Adapted from the French by Christopher Hampton.
Two cynical aristocrats are locked in a game of bluff and seduction: defeat would be intolerable, both are playing to win.
A revelation in the gloom
The same weekend saw another extraordinary production, Christopher Hampton's stage classic Les Liaisons Dangereuses (BBC World Service, from Saturday, September 12) slipped seductively on to radio in a version directed and adapted by Gordon House.
Lindsay Duncan, whose evocative voice makes her as much in demand for radio drama as for other media, here reprised her Royal Shakespeare Company role as the arch and amoral Marquise de Merteuil. While proud to admit that her chief motive was cruelty, the Marquise was fleshed out by Duncan as much more than a predatory vixen of late 18th century French salon society. Her performance was cruel withour being thin; there was a full and juicy relish as she conspired to draw the innocent and noble into her web.

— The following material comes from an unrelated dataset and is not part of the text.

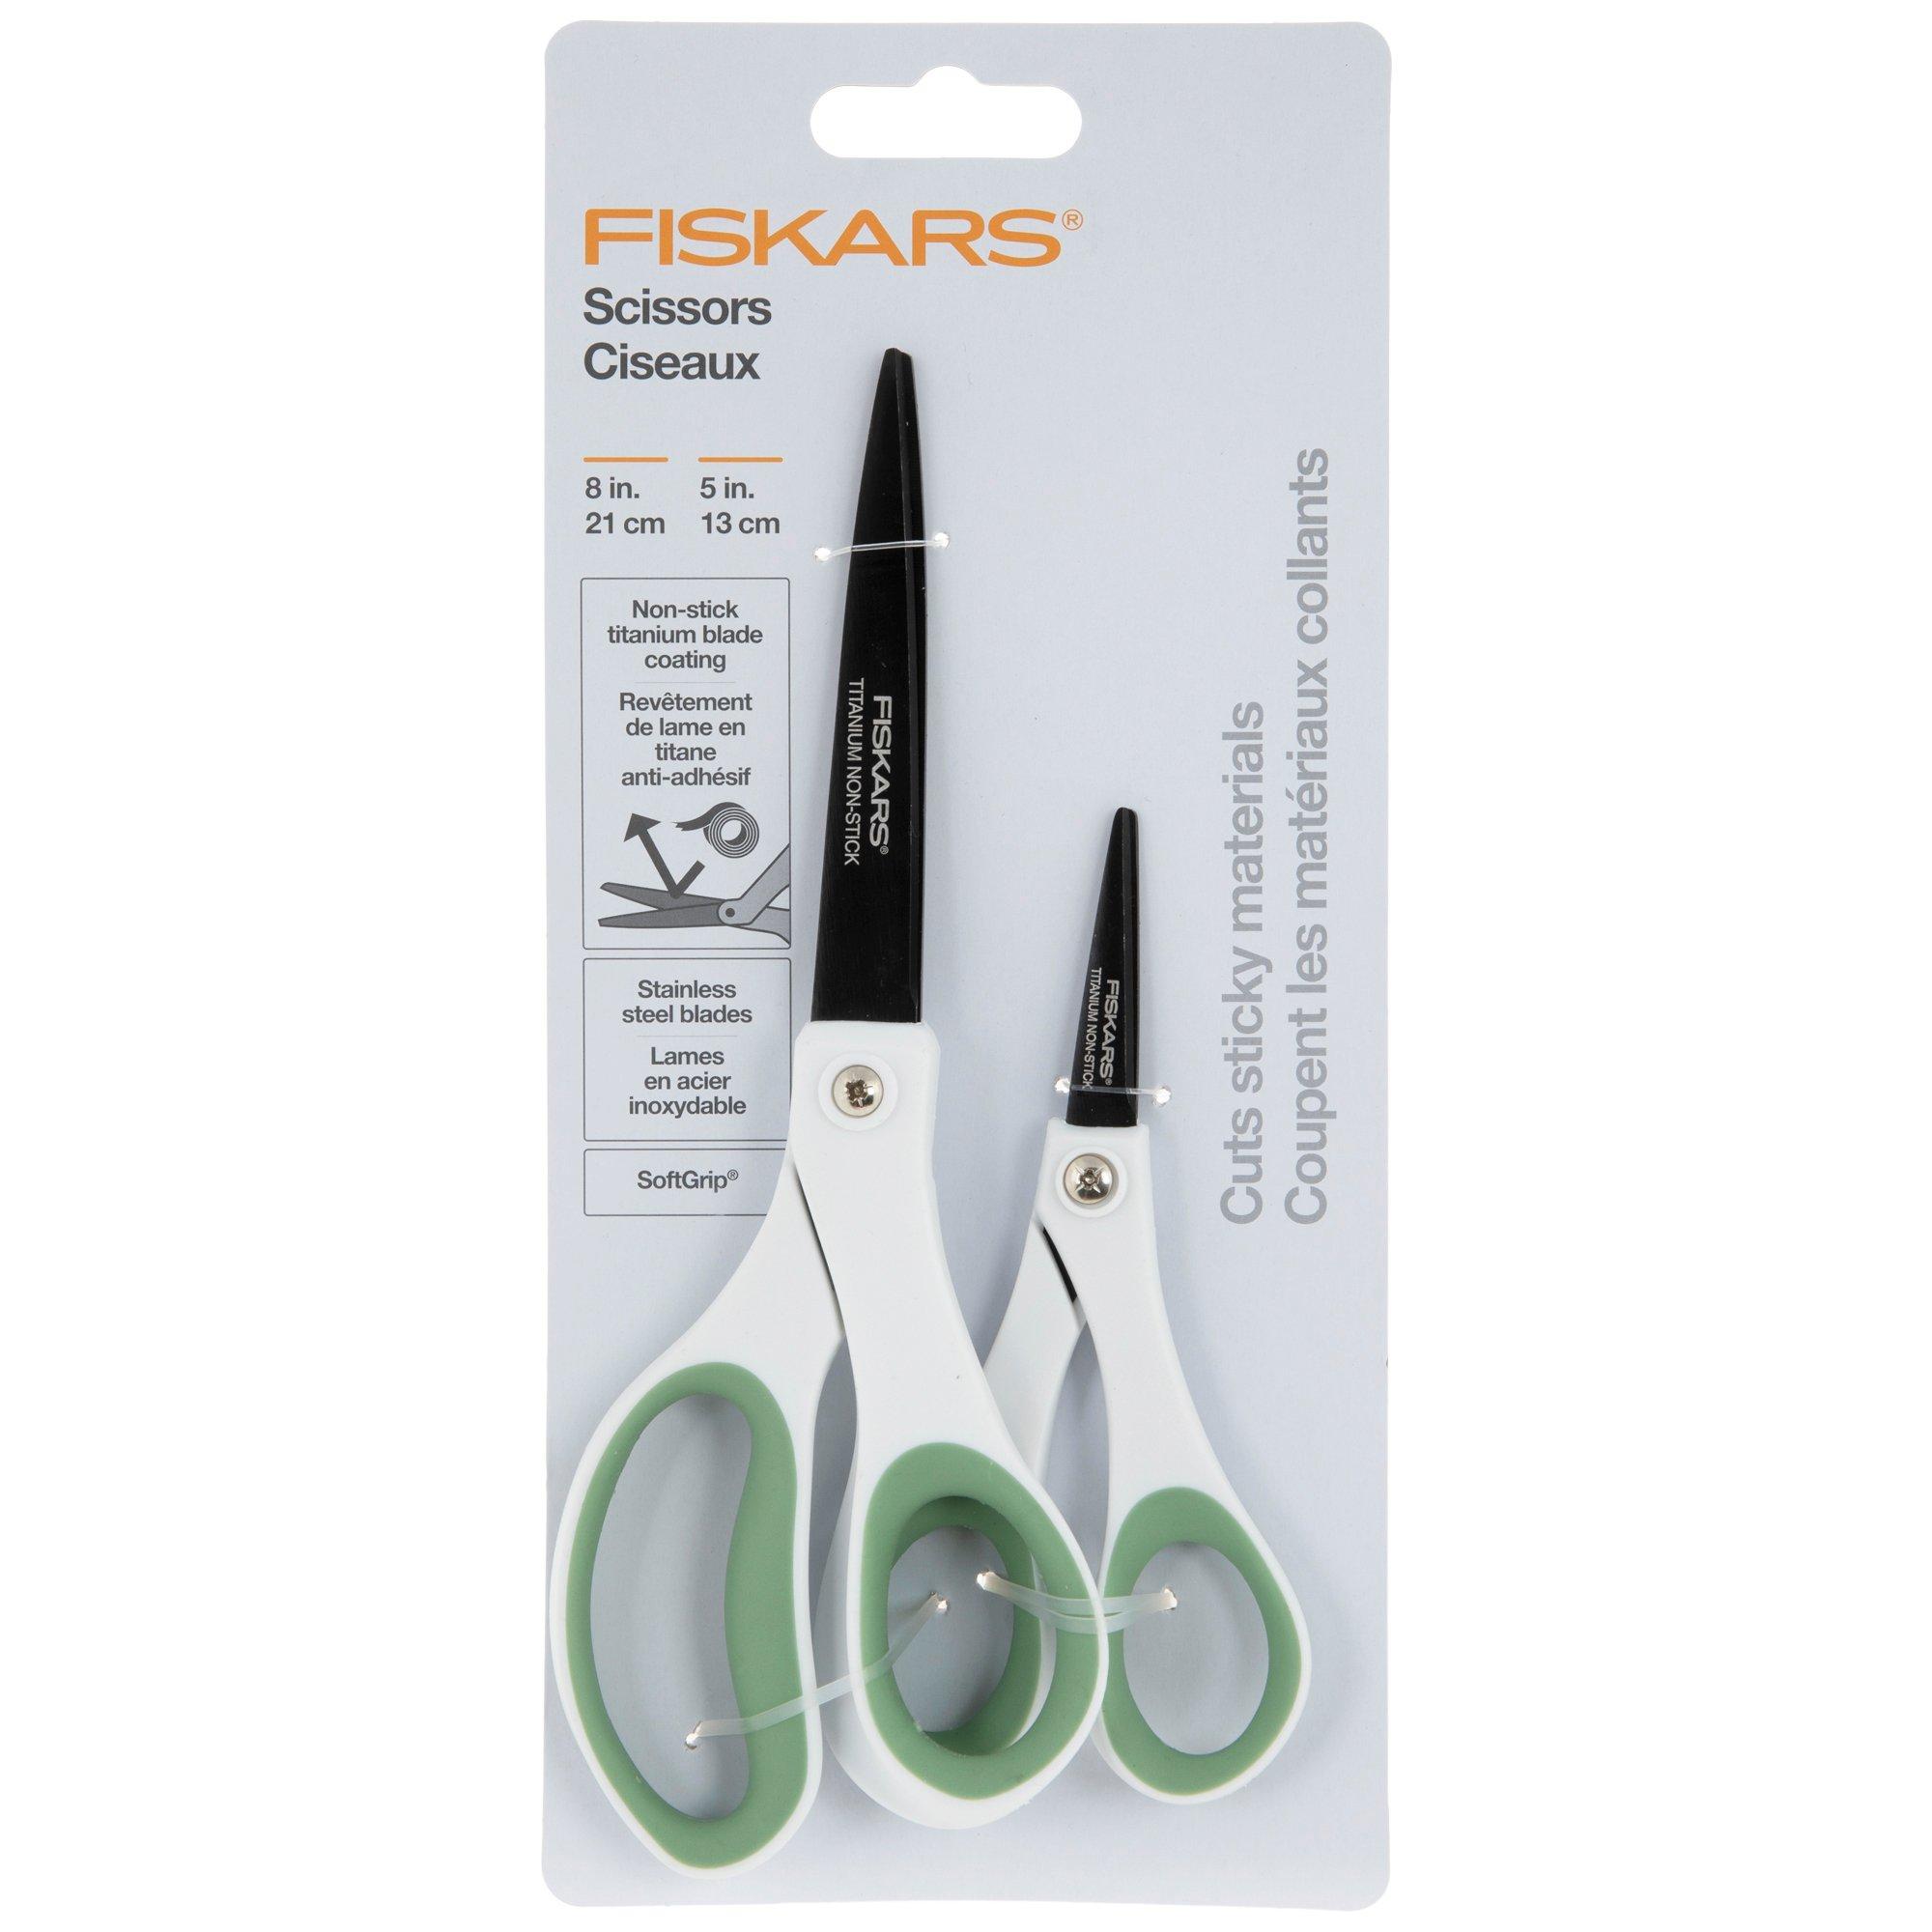 Fiskars Amplify Razor Edge Scissors, Hobby Lobby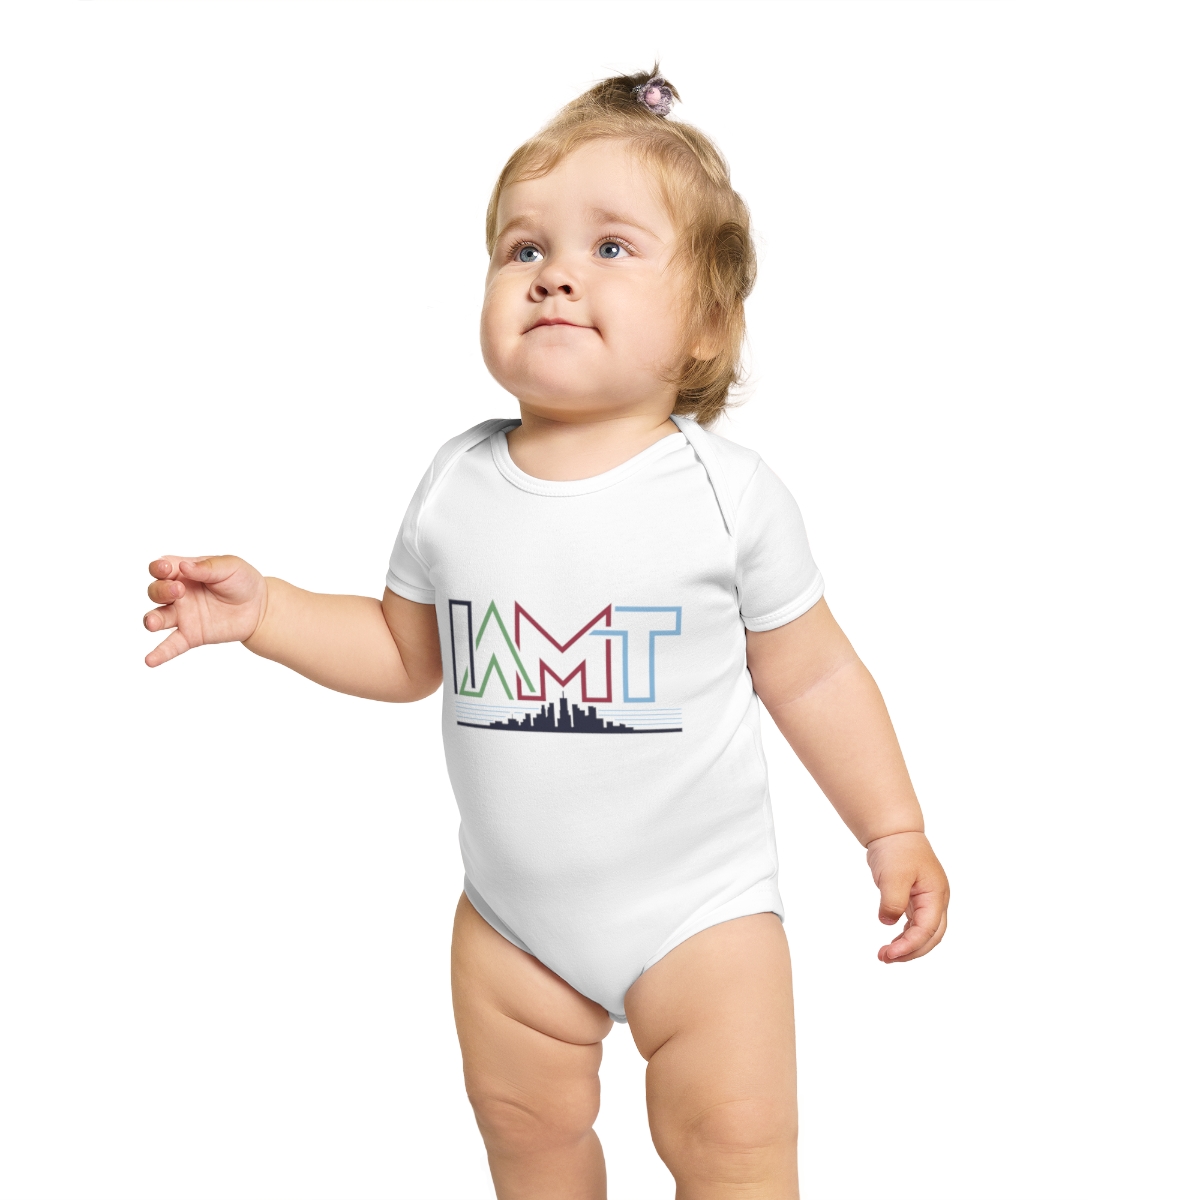 Short Sleeve Baby Bodysuit product thumbnail image

Ciarán Hinds starred opposite her as her former lover and partner in crime. Hinds' ability to put a laughing, persuasive spin on an acting style which inclines towards harshness is always surprising. Emma Fielding was pertinently ambiguous as the prim wife and object of much plotting, while Alison Pettitt was malleable as any 15-year-old just released from a convent education.
The witty machinations of Hampton's characters, culled from the novel by Choderlos de Laclos, were absorbing in a production that wa as lucid as it was entertaining.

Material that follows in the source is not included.